In fact, he was understating the scale of the clean-up he and the other administrators had been undertaking. He had written a piece of software that would remove the worm, but it was an operation that had to be carried out on an individual basis, user by user. And more users were being infected all the time. It was a race between the virus and the wizards; one they were currently losing.

“If there's at least a chance that your condition could be cured, wouldn't you want to take it?”

“Why would I want to be like other people? I'm happy the way I am.”

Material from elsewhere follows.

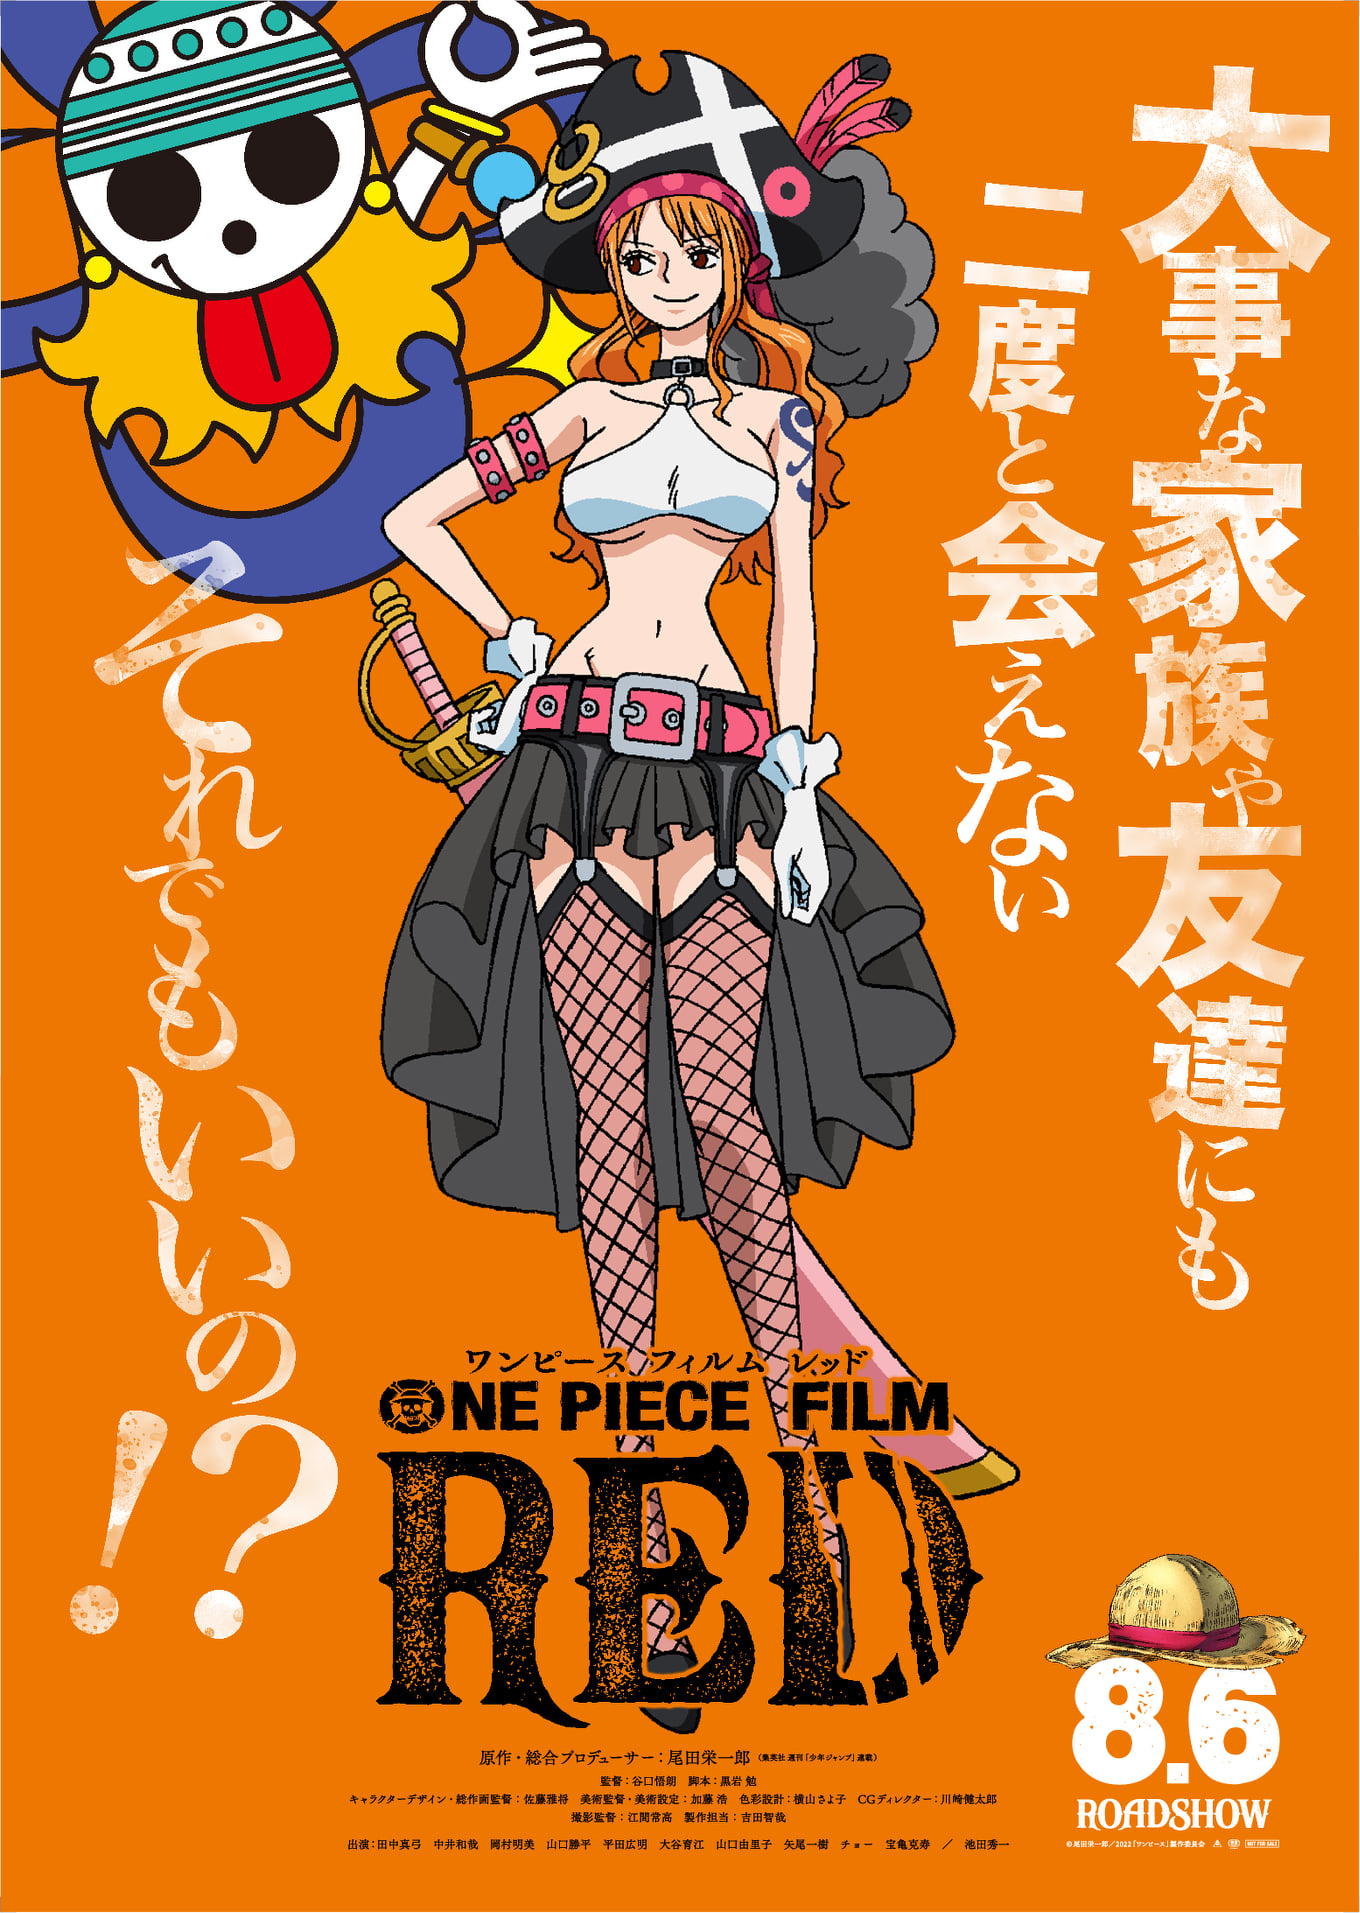 Băng Mũ Rơm: Nếu bạn là fan anime One Piece, một trong những băng hải tặc được yêu thích nhất, Băng Mũ Rơm chắc chắn sẽ làm bạn thích thú với các hình ảnh liên quan. Khám phá thế giới của họ và cùng tham gia phiêu lưu trên biển cùng các thành viên của băng hải tặc này.

“You wouldn't be like other people,” she insisted. “You'd still be Daniele – still brilliant, still strange. Who knows, perhaps you'd simply be more you. Perhaps you'd be capable of even greater things than you already are.”

He was silent a moment. The idea that treatment might actually unlock his abilities rather than stifle them was one he hadn't considered before. And it was true what that professor at MIT had written: his best work appeared to be behind him. He needed to do something different if he was to get a different result.

Sensing his hesitation, she added, “Daniele, it would mean a lot to me if you would at least try this. I have to find out what happened to my dad, and at the moment I'm getting nowhere.”

There were many people, she knew, who thought that Daniele Barbo was impervious to such emotional appeals. But she had never believed that to be the case. His emotions might be different from other people's, but they existed nevertheless.

“All right,” he said at last. “I'll try. I suppose I've got nothing to lose.”